Exercise instructions:
Repeat the data exactly as given below, dropping every picture.

Dataset content:
+++

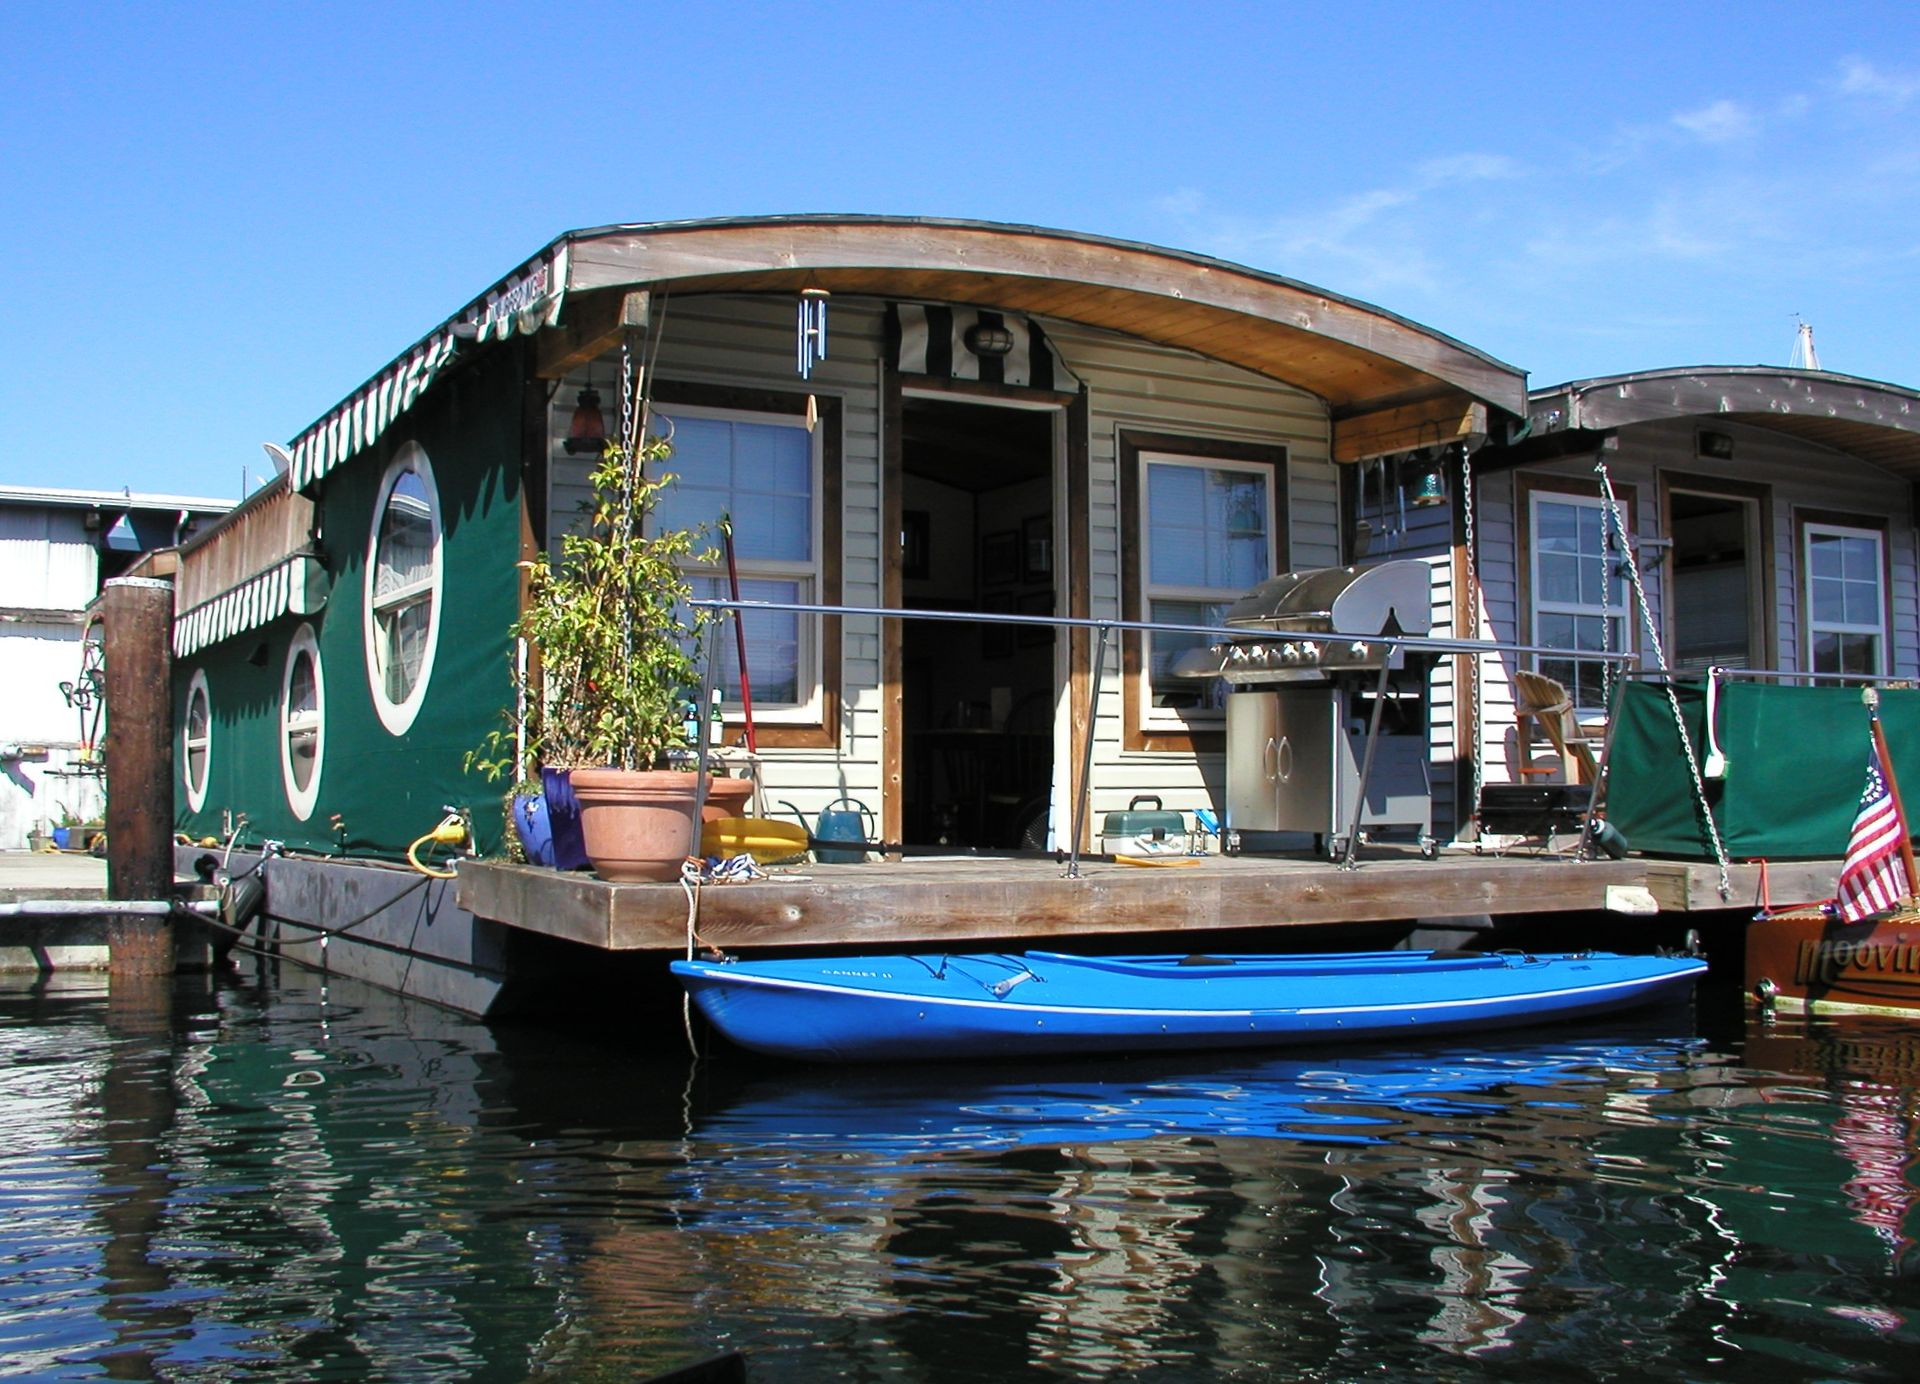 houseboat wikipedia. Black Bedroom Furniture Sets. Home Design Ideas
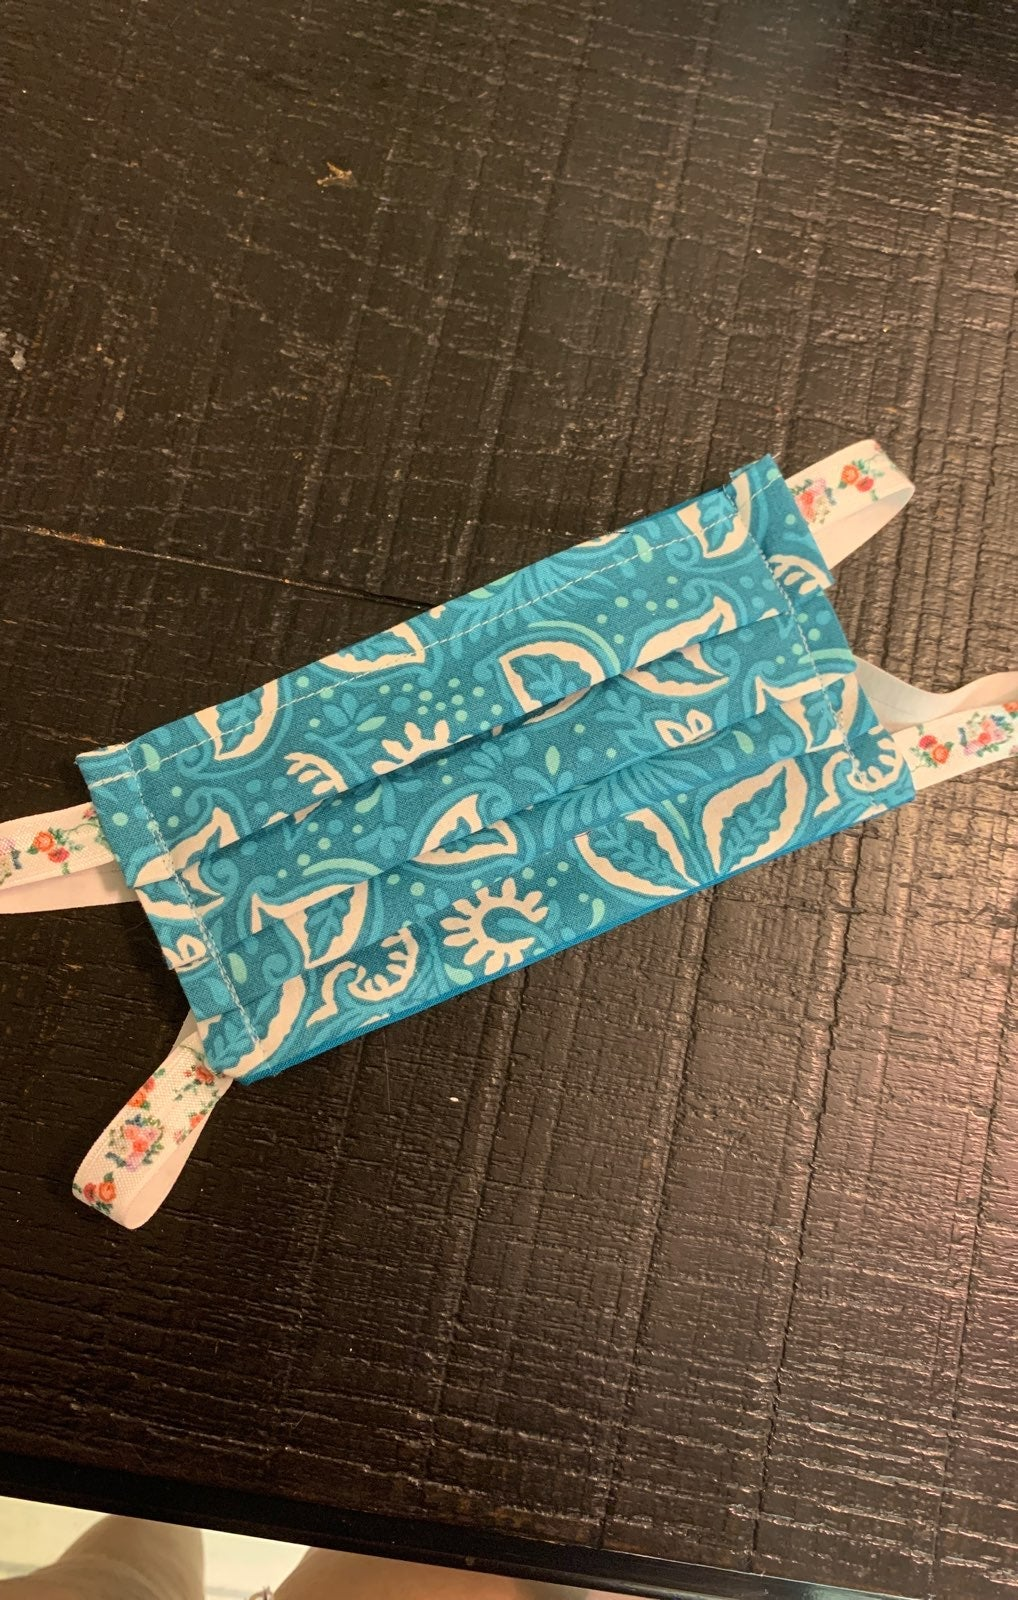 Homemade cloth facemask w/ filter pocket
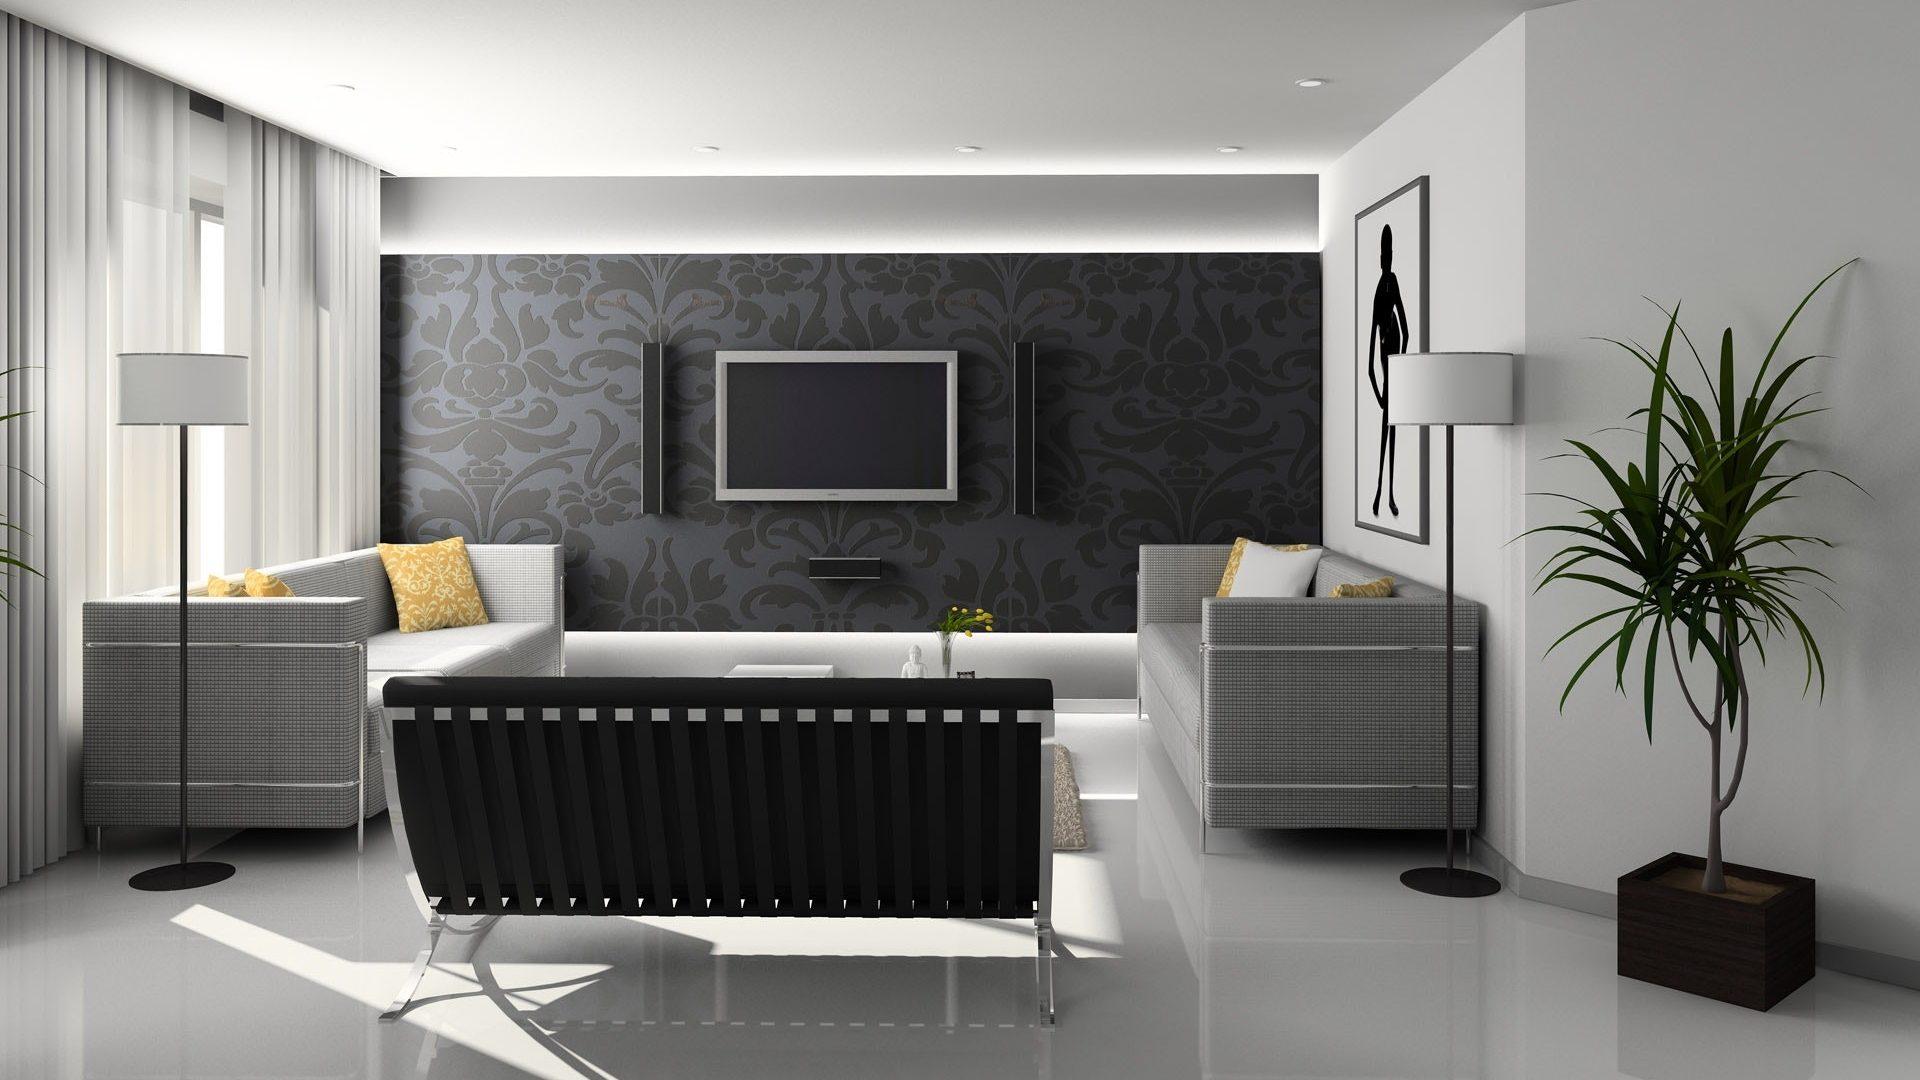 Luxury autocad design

+++

Task result:
 houseboat wikipedia. Black Bedroom Furniture Sets. Home Design Ideas
 Homemade cloth facemask w/ filter pocket
 Luxury autocad design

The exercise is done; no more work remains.